Produce the lines from the one containing "Pinecones Midnight Blue" through the end of the material exactly as they appear, both ends included, and leave the pictures out.

* _Collected material_
^^^^^^^^

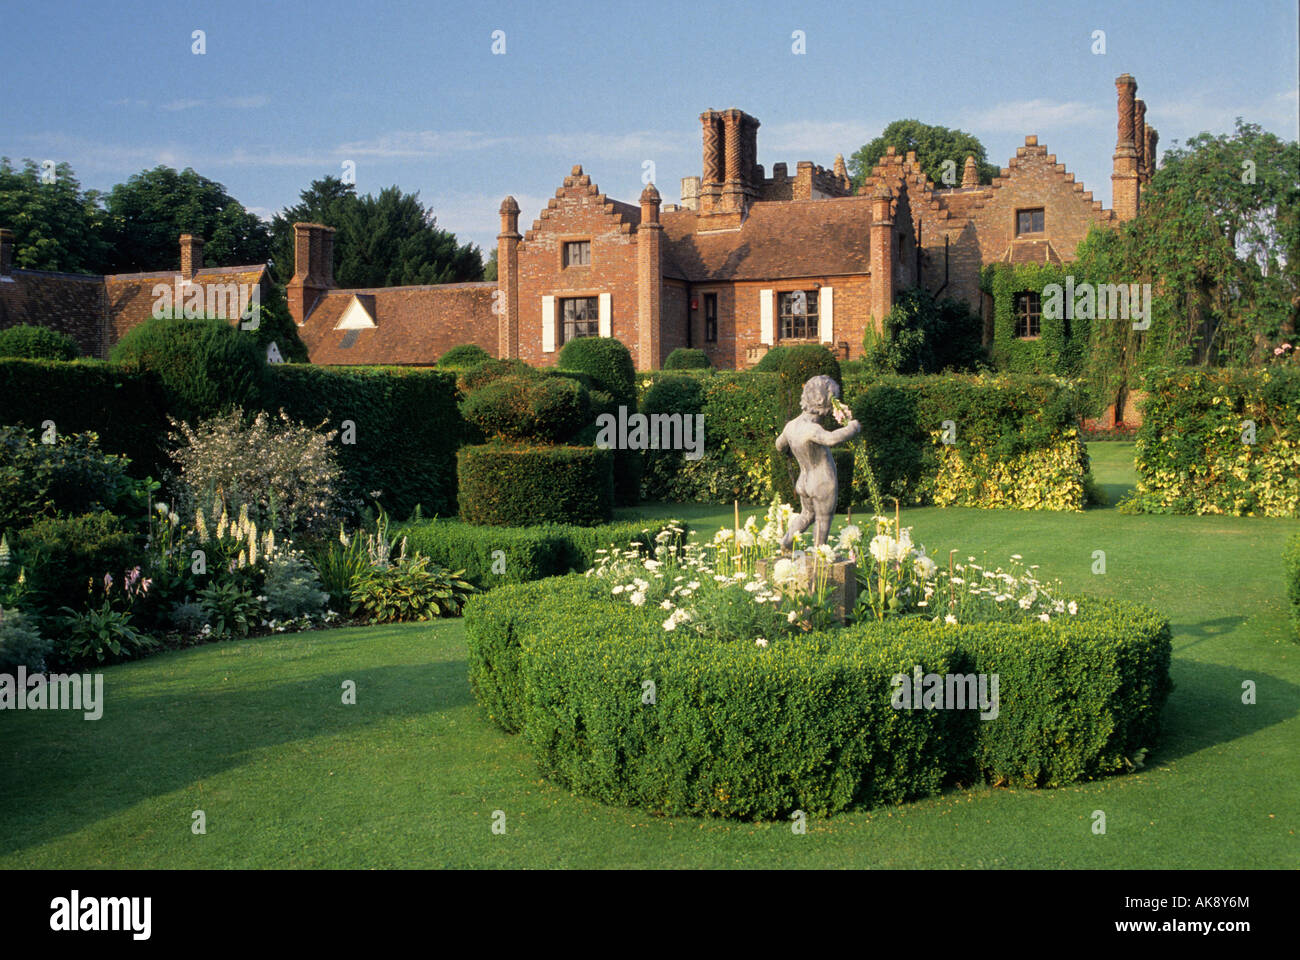 chenies manor buckinghamshire the white garden dahlias yew hedges
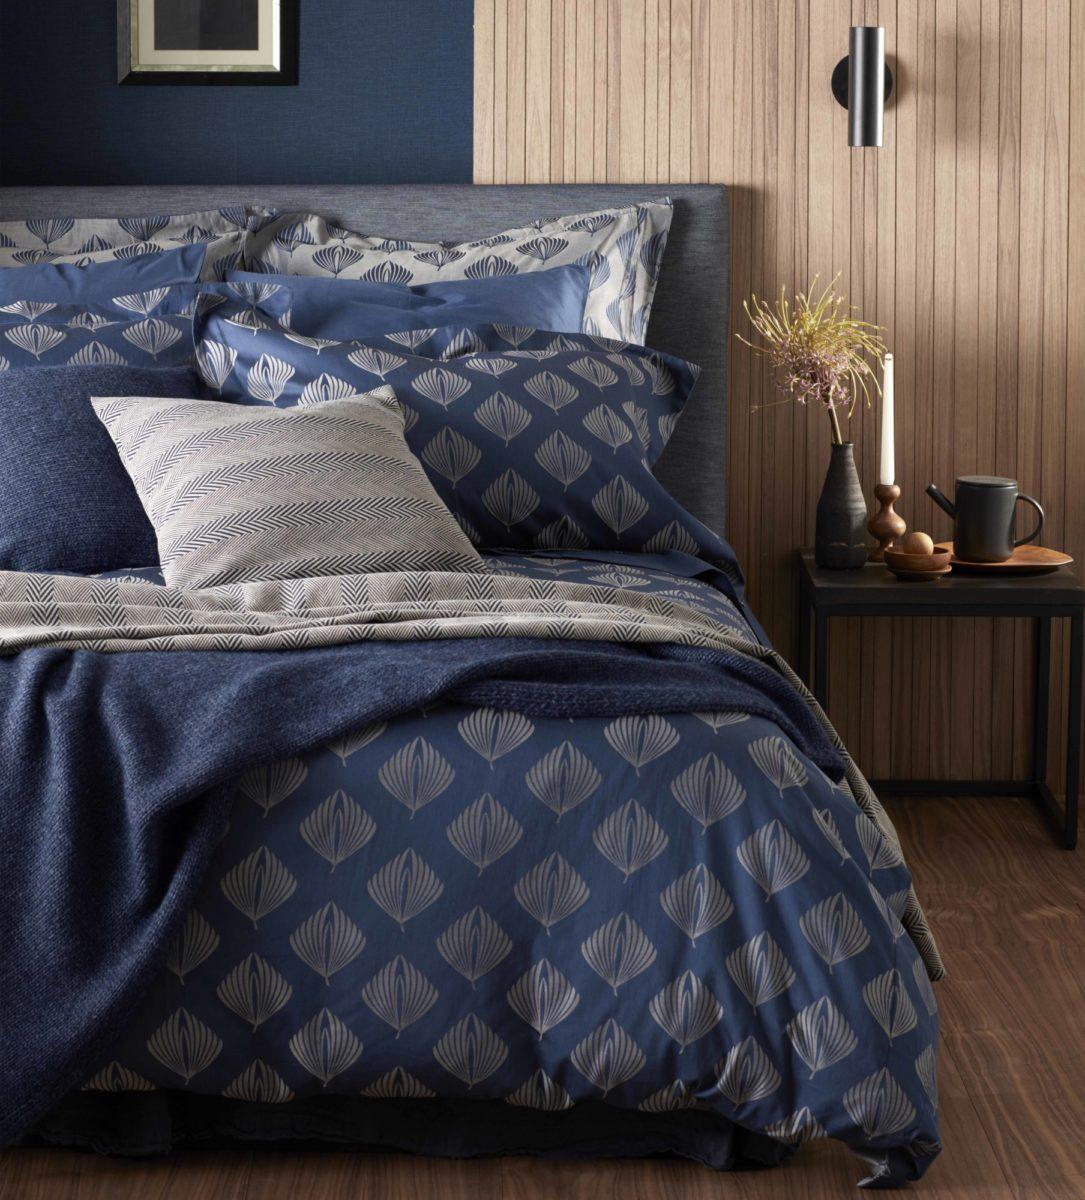 Pinecones Midnight Blue Cotton Bedding Secret Linen Store
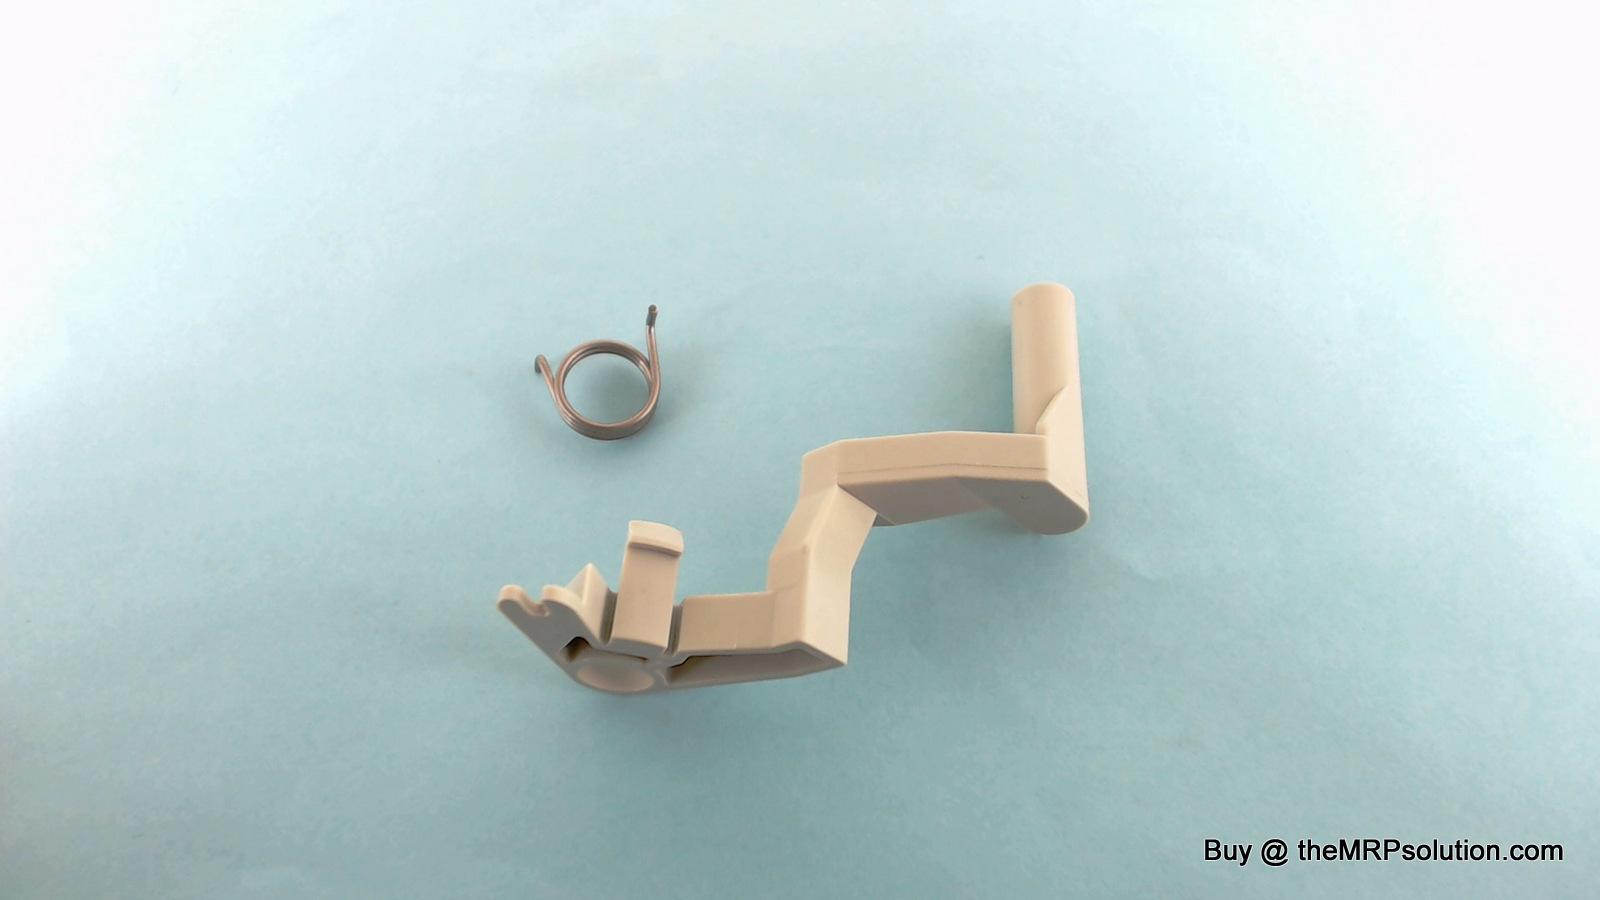 OKIDATA 53489201 BAIL ARM (R), ML320 Refurbished

^^^^^^^^

* _Exercise output_
 Pinecones Midnight Blue Cotton Bedding Secret Linen Store
 OKIDATA 53489201 BAIL ARM (R), ML320 Refurbished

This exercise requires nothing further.